Below are some records; output exactly the lines from the line with "Colourfully dressed and" to the line with "Classic USGS Biscuit", both ends kept, and nothing more.

----- TASK INPUT

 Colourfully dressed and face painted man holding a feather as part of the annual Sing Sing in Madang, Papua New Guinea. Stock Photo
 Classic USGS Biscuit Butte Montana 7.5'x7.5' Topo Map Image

----------
----- TASK INPUT

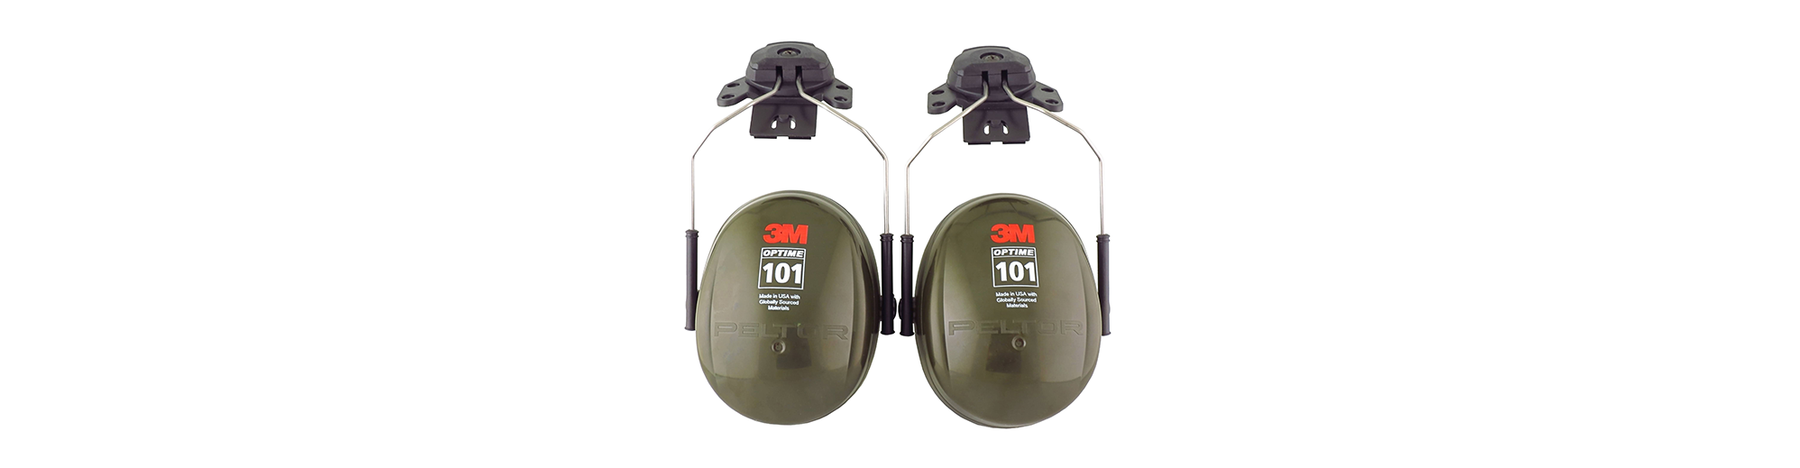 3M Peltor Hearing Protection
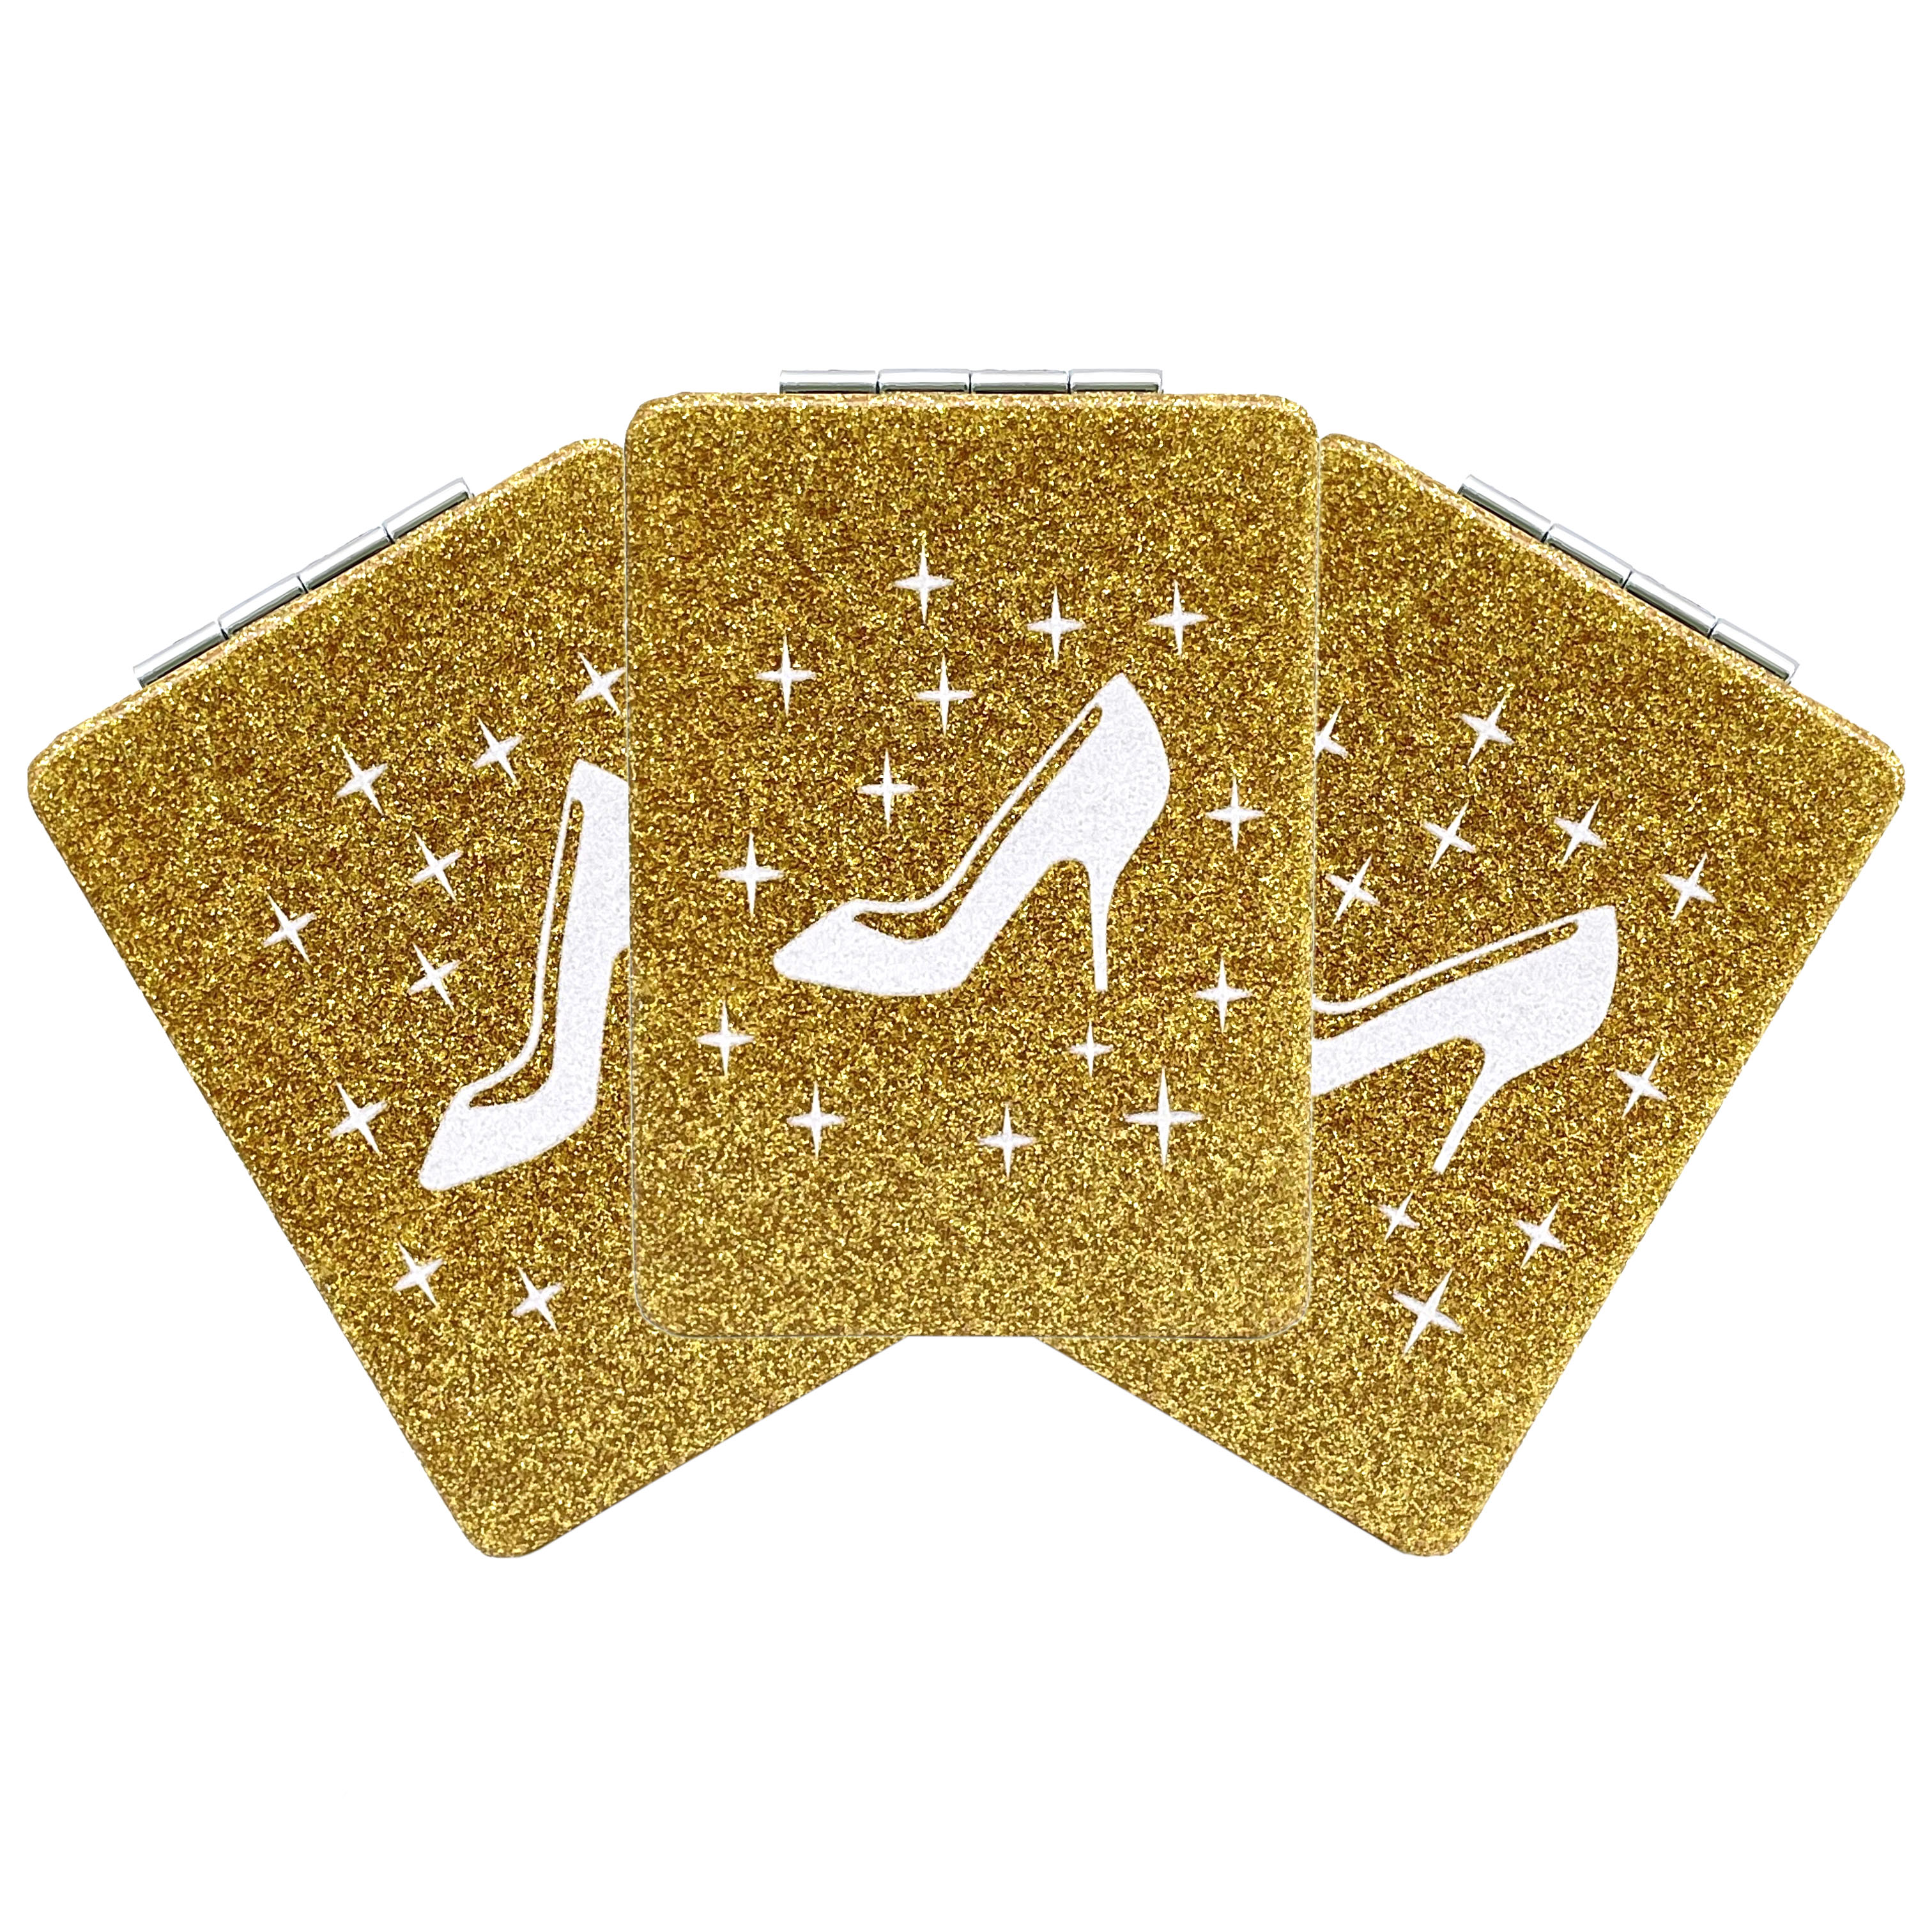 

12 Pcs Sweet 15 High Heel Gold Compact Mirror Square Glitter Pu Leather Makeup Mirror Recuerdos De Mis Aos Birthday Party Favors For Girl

----------
----- TASK INPUT

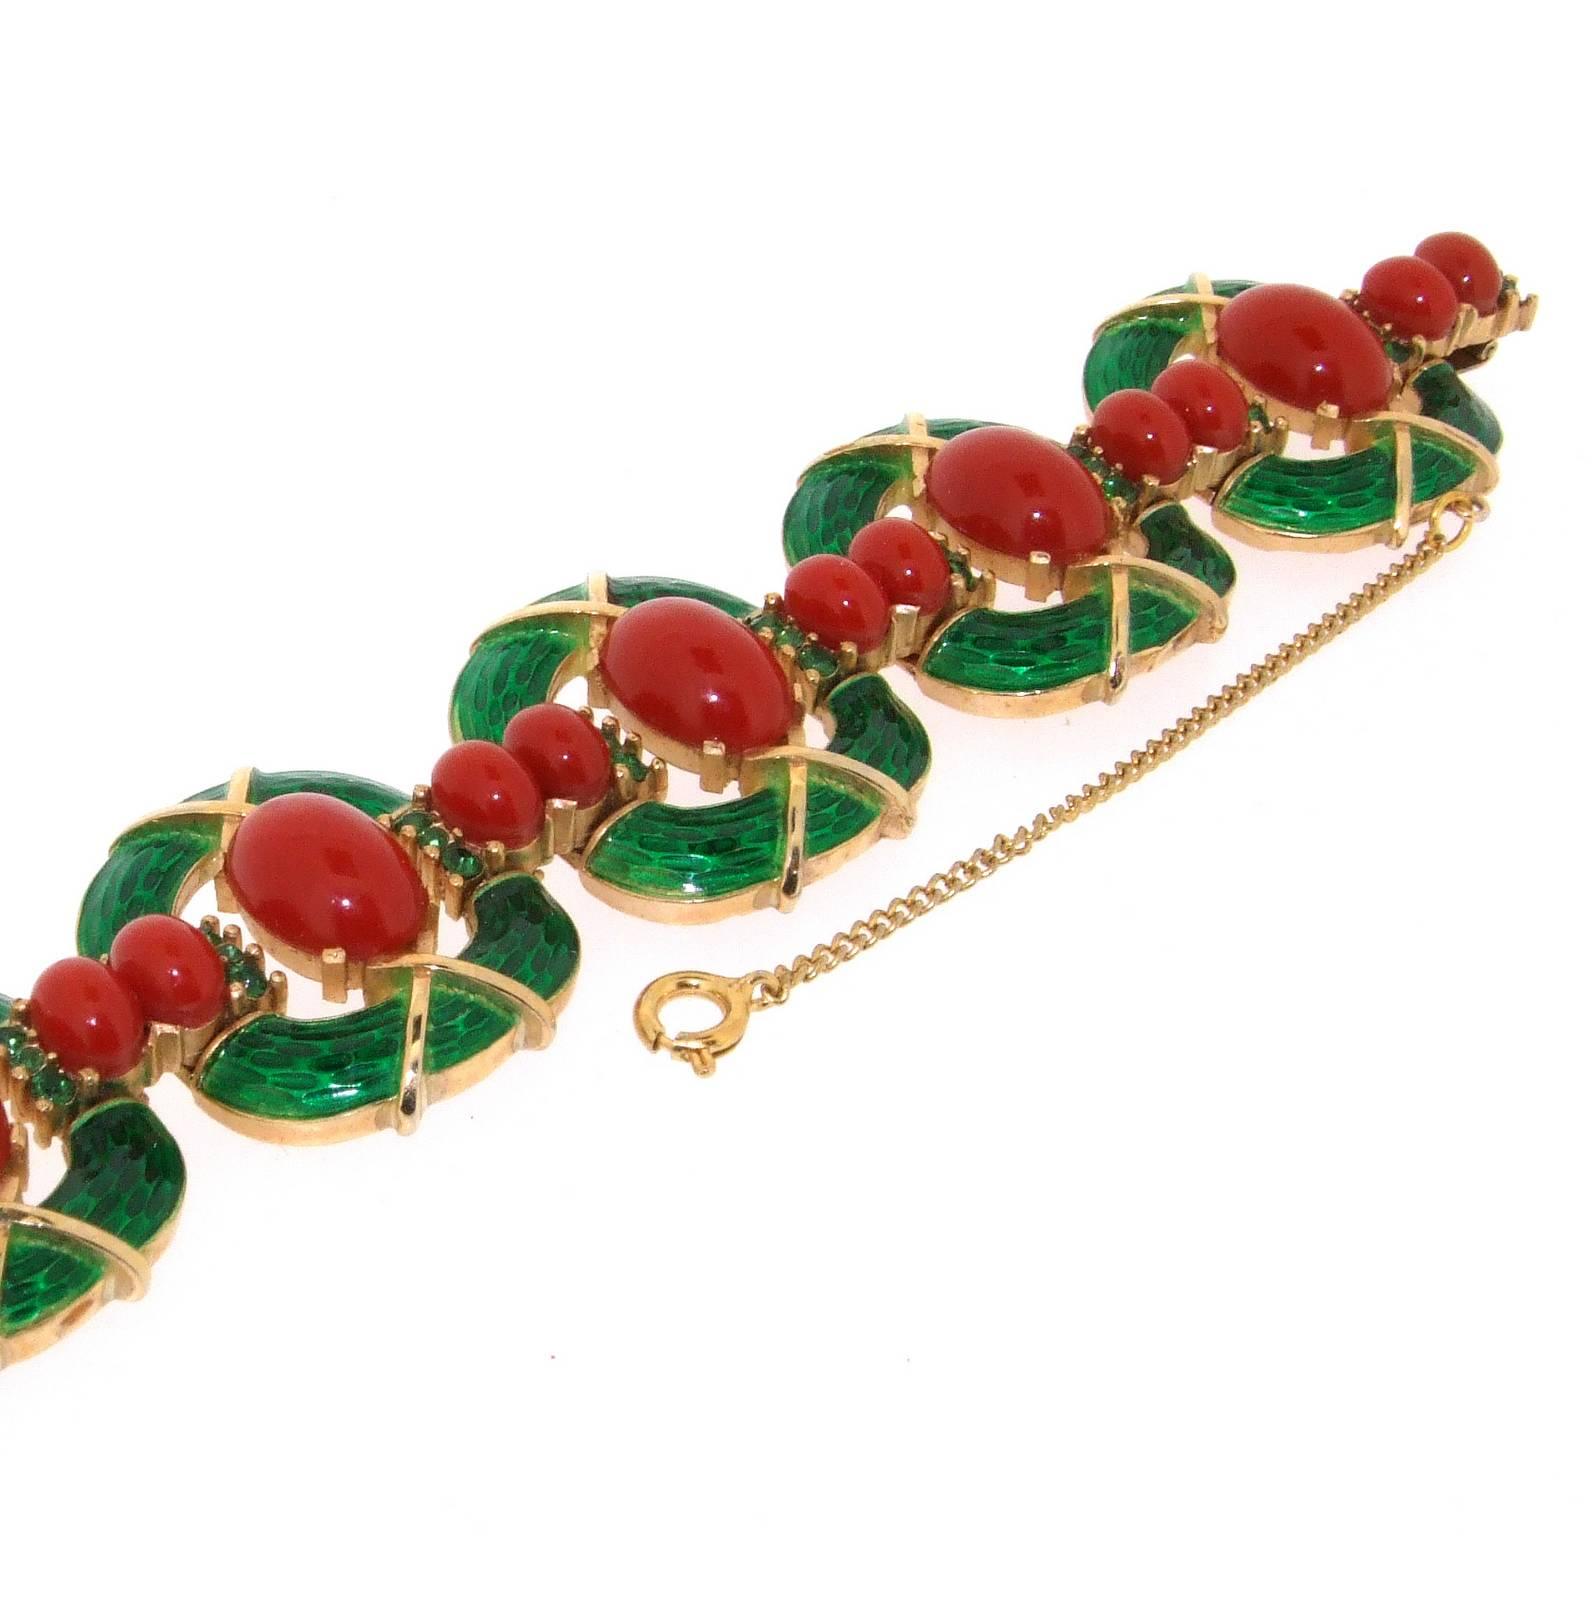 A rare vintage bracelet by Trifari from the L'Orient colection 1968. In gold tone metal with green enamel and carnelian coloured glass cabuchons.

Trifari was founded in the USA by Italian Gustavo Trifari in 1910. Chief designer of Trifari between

----------

• TASK OUTPUT
 Colourfully dressed and face painted man holding a feather as part of the annual Sing Sing in Madang, Papua New Guinea. Stock Photo
 Classic USGS Biscuit Butte Montana 7.5'x7.5' Topo Map Image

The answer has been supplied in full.